The global water cycle is undergoing continuous and major perturbation what regards for example spatio-temporal changes in intensity and frequency of extreme events of flooding and wet-dry periods of land. Our understanding about climate changes has improved enormously, through the advances in GCM ‘Global Climate Models’, e.g. the predictions of tipping points in the earth’s system and associated severe heatwaves due to increase in temperature from the continuous emissions of greenhouse gases. Yet our knowledge on the impacts of climate change on the water global cycle is still improving specially the uncertainties mentioned above which is important for developing a sustainable-resilient agro- and food production.
New research is indicating that heat-induced global water cycle changes pose significant challenges to global ecosystems, soil stability and desertification, agro-food industries and human society in general. Indeed, quantifying historical water cycle change though very important to understand and assess , it is difficult owing to shortage of direct observations. In particularly over the ocean, where major parts of global precipitation and evaporation occur in the world oceans. Researchers have found new tools to improve our knowledge about key parameters processes associated with changes in the global water cycle. Air–sea fluxes of freshwater imprint on ocean salinity such that mean salinity is lowest in the warmest and coldest parts of the ocean, and is highest at intermediate temperatures. These findings were used to track salinity trends in the warm, salty fraction of the ocean, and quantify the observed net poleward transport of freshwater in the Earth system from 1970 to 2014. It was found that poleward freshwater transport from warm to cold ocean regions has occurred at rates that is not replicated in the current generation of climate models. Should this be the case, the implication is that the historical surface flux amplification is weaker climate models compared to observations. The results establish historical constraint on the poleward freshwater transport that will assist in addressing biases in climate models (https://www.nature.com/articles/s41586-021-04370-w) and thereby help us to better predict the behaviour and details in the global water cycle.
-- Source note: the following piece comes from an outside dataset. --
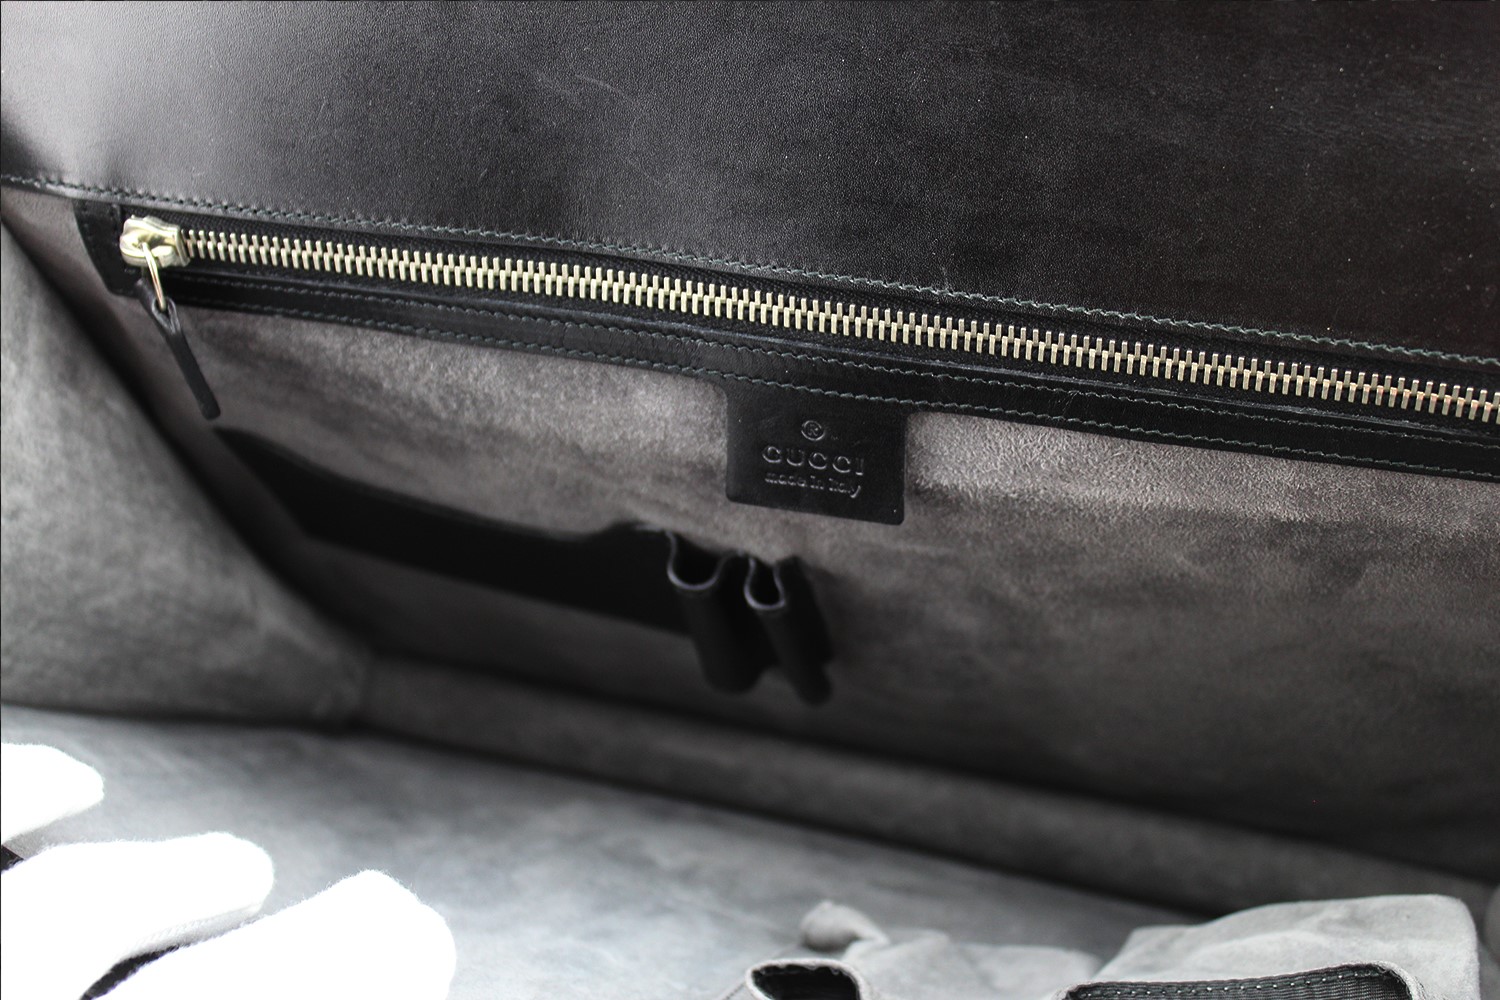 Porte-documents Gucci Authentique d'occasion en cuir couleur noir, bijouterie argentée. Modèle 2018

Climate change will therefore be intensifying the Earth’s water cycle at twice the predicted rates (https://amp.theguardian.com/environment/2022/feb/24/climate-change-is-intensifying-earths-water-cycle-at-twice-the-predicted-rate-research-shows; https://newsroom.unsw.edu.au/news/science-tech/global-warming-amplifying-our-water-cycle-and-its-happening-much-faster-we). Rising global temperatures and the increasing amount of heat have shifted at least twice the amount of freshwater from warm regions towards the Earth’s poles than previously thought as the water cycle intensifies, according published analysis in Nature. In the future there will be more rain but less water as this is shown from Climate projections suggesting that, by end of the century, the amount of rain for example in the Upper Nile basin could increase by up to 20%. A new paper by the same group, shows that, despite more rainfall, devastating hot and dry spells are projected to become more frequent in the Upper Nile basin (https://theconversation.com/in-the-future-there-will-be-more-rain-but-less-water-in-the-nile-basin-129360?utm_medium=ampemail&utm_ source=email).
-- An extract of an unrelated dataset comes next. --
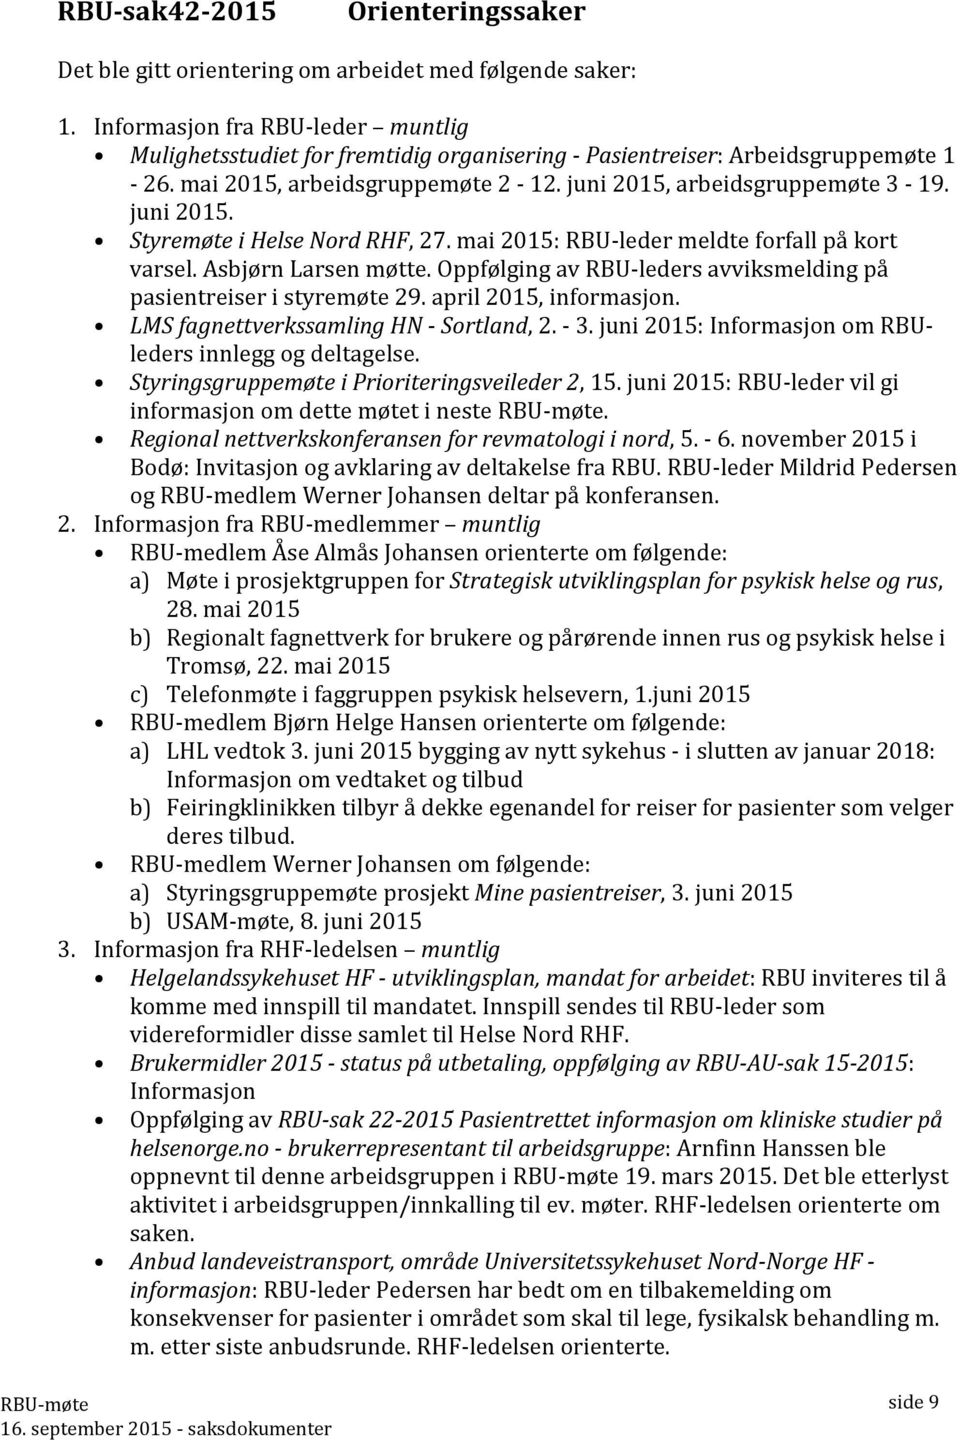 mai 2015: RBU-leder meldte forfall på kort varsel. Asbjørn Larsen møtte. Oppfølging av RBU-leders avviksmelding på pasientreiser i styremøte 29. april 2015, informasjon.

These trends in the global water cycle demonstrate that ‘RENEWABLE SOIL TECHNOLOGIES’ need to take in consideration the impacts of climate change on agriculture and agro-industries by being directly dependent on the renewable water resources. The Nile in general – world’s longest river – runs through 11 countries in Africa and its basin covers about 3 million sq kms, i.e. about 10% of the continent’s landmass. A huge population, about 250 millions people, is dependent on the Nile in Ethiopia, Uganda, South Sudan, Sudan and Egypt. Almost all of the rainfall falls and feeds upstream countries of the Blue and White Nile – in the upper Nile (South Sudan, western Ethiopia and Uganda). While the lower Nile basin receives very little rainfall (Sudan and Egypt) and thereby depends heavily and directly on the Nile for water. Climate projections by the end of the 21-century, suggest that the rain in the Upper Nile basin could increase by up to 30%. However, despite more rainfall, the devastating hot and dry spells are projected to become more frequent in the Upper Nile basin.
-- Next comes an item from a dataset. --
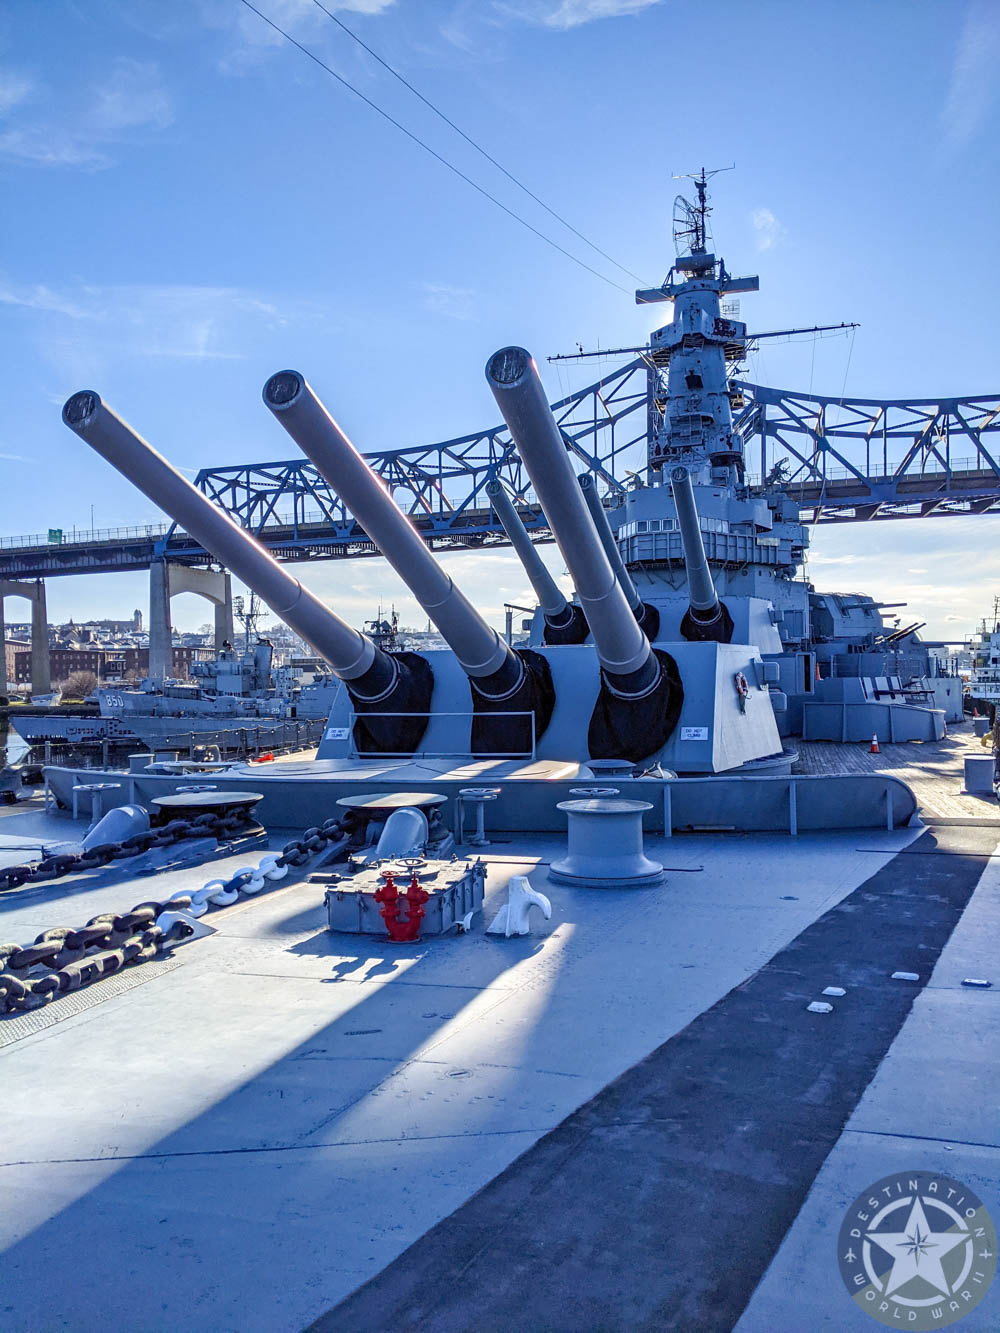 Big guns on the USS Massachusetts | 7 Reasons U.S. Battleship Museums are the Best Museums | USS Massachusetts, Battleship Cove, Fall River, Massachusetts

Currently, about 10% of the basin’s population faces chronic shortages due to seasonal aridity and huge unequal access to water resources. The proportion of population that will face water scarcity will increase to 30% by 2040, i.e. more than 80 million people. These threats from hot and dry conditions will kill crops, reduce hydropower, diminish the water available for people and industry and heighten tensions over the distribution of regional water resources. By 2040, a hot and dry year could push over 45% of the people in the Nile Basin – nearly 110 million people – into water scarcity. In addition to this the population growth would drive water scarcity in the Upper Nile.
In conclusion, climate and population changes in the Nile Basin will project onto an already complex and tense socioeconomic and political landscape.